Humanizing AI Chatbots: The Role of Speech Emotion Recognition with Deep Learning

Abstract:

This research focuses on integrating Speech Emotion Recognition (SER) with AI chatbots to create a system that is more emotionally intelligent and responsive. Using advanced deep learning techniques such as Convolutional Neural Networks (CNNs), the study enhances the accuracy and robustness of SER models in detecting emotions from speech.
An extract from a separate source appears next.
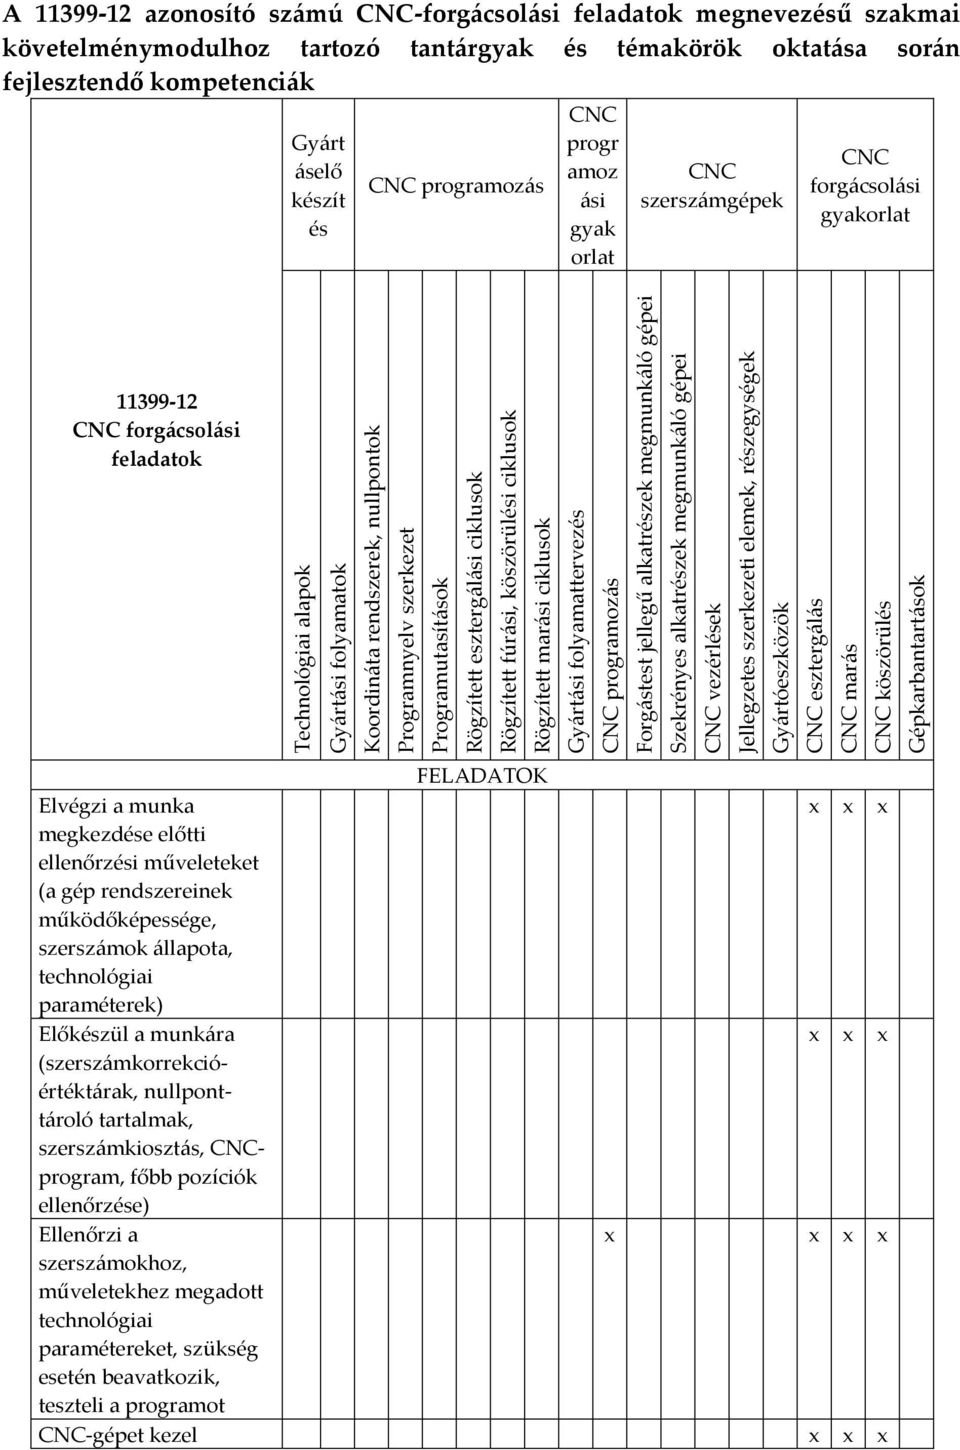 részegységek Gyártóeszközök CNC esztergálás CNC marás CNC köszörülés Gépkarbantartások A 11399-12 azonosító számú CNC-forgácsolási feladatok megnevezésű szakmai követelménymodulhoz tartozó tantárgyak

The Ryerson Audio-Visual Database of Emotional Speech and Song (RAVDESS) serves as the primary dataset, with data augmentation techniques such as noise injection, speed variation, and pitch shifting applied to improve model performance. Key features such as Mel-Frequency Cepstral Coefficients (MFCC), Mel Spectrogram, and Zero Crossing Rate (ZCR) are extracted to improve the analysis. The study uses regularization techniques, including Batch Normalization and L2 Regularization, to prevent overfitting. Experimental results show significant improvements, with the best test accuracy reaching 87.5%, outperforming previous studies. Visualized training history demonstrates the model’s learning behavior and generalization capabilities. The findings highlight the potential of SER-enhanced chatbots in applications such as customer service and mental health support by enabling empathetic interactions.